The Old Man and the Seat


            Another comes on and another comes on
            Another one rides the bus
            Hey, who's gonna sit by you?
                        Al Yankovic

            The young man took the steps up into the bus in a leap and landed not far from where I sat. Facing the small number of inattentive passengers with his feet spread, eyes wide, and arms outstretched, he announced loudly, "They threw me out of the house. Said I'd broken every rule they had. Now where do the f***ers think I'm gonna stay?"
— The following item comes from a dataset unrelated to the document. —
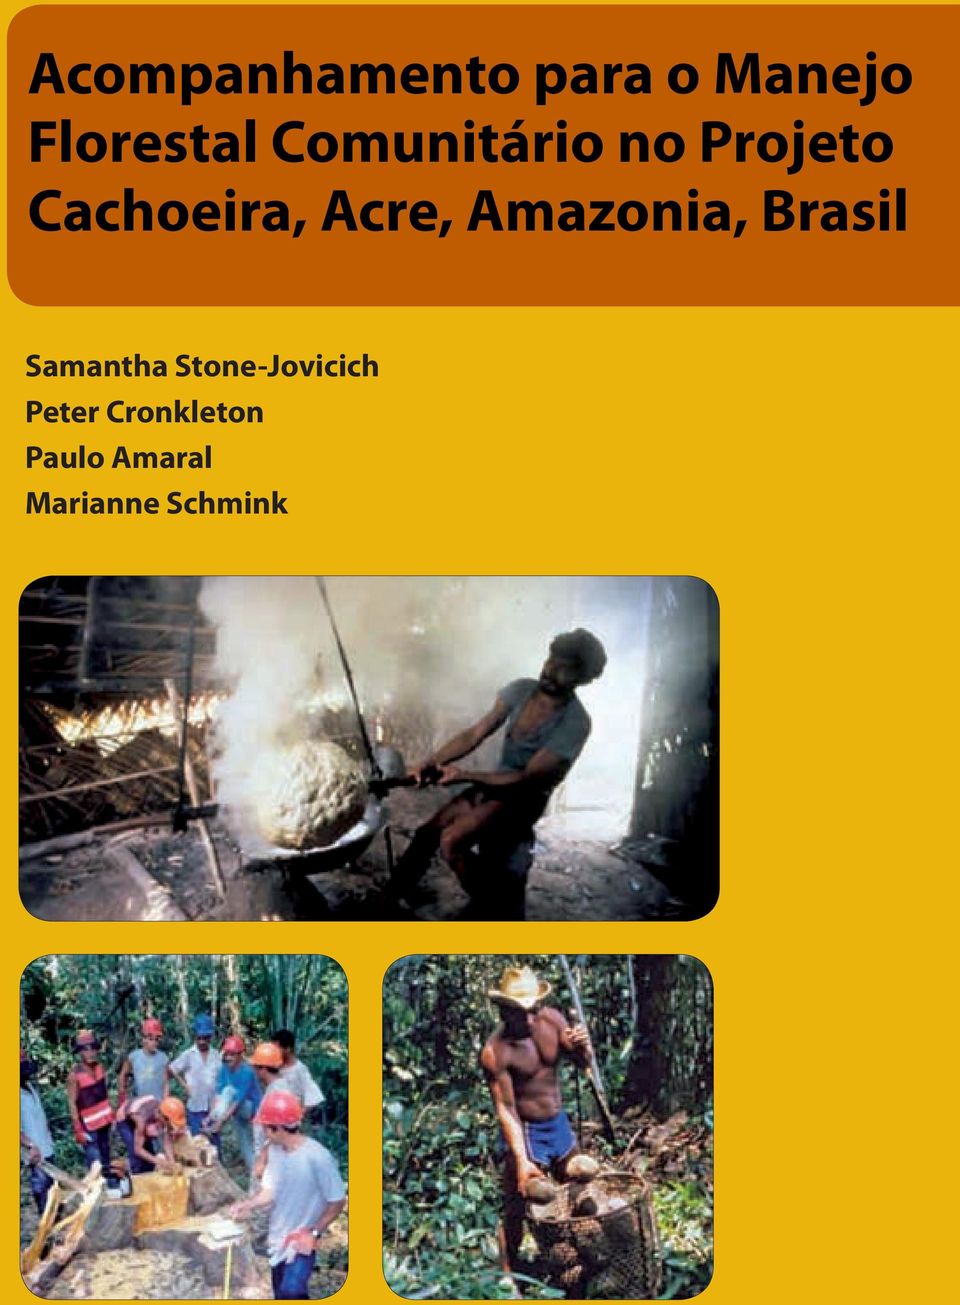 Amazonia, Brasil Samantha Stone-Jovicich
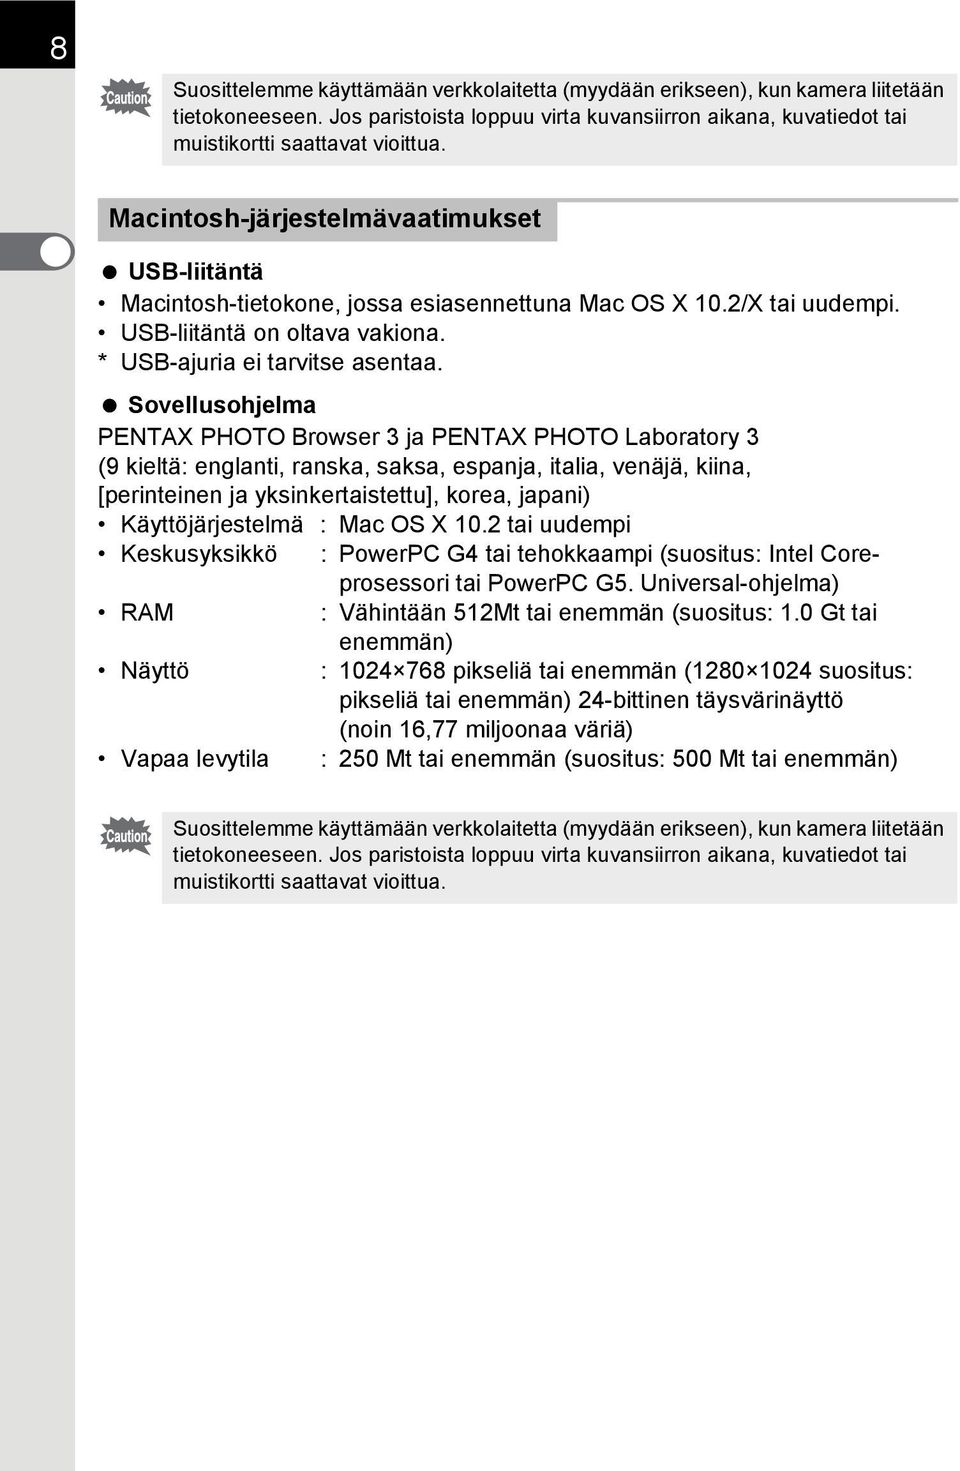 Sovellusohjelma PENTAX PHOTO Browser 3 ja PENTAX PHOTO Laboratory 3 (9 kieltä: englanti, ranska, saksa, espanja, italia, venäjä, kiina, [perinteinen ja yksinkertaistettu], korea, japani)

            Maybe he had to out-shout his earbuds. White spaghetti leads dangled past his teenage face -- eighteen or so, I guessed. Clean-shaven and not disheveled, he wore blue jeans, a t-shirt with a faded Beastie Boys logo, and sneakers. He was defiant and agitated.
            "I broke curfew a little bit, and some sonofabitch said I brought drugs into the house which is a goddamn lie. I said tell me who and I'll ask him to his face. And I know who the asshole is, but they wouldn't tell me. I asked Carolyn where's my check then. She said you paid the month, the money's gone. I said bullshit on that, so they piled my stuff on the porch. My sponsor's on vacation."
            The bus sat at the terminal, an un-busy hub in my small town. The driver got back on the bus and the boy walked past me and found a seat. The conversation continued behind me. A middle-aged couple with matching backpacks and ponytails sat across from the boy. Like him they were trudging the Road to Happy Destiny (see "The Big Book of Alcoholics Anonymous") and commiserated with him. They swapped stories about the unfairness of life, which AA meetings were rad and which ones sucked, sponsors who bailed, and how "this one dude I used to score from had over a year then went back out!" To their credit, they hung in there with the boy and talked him in off the ledge. They'd take him to a meeting.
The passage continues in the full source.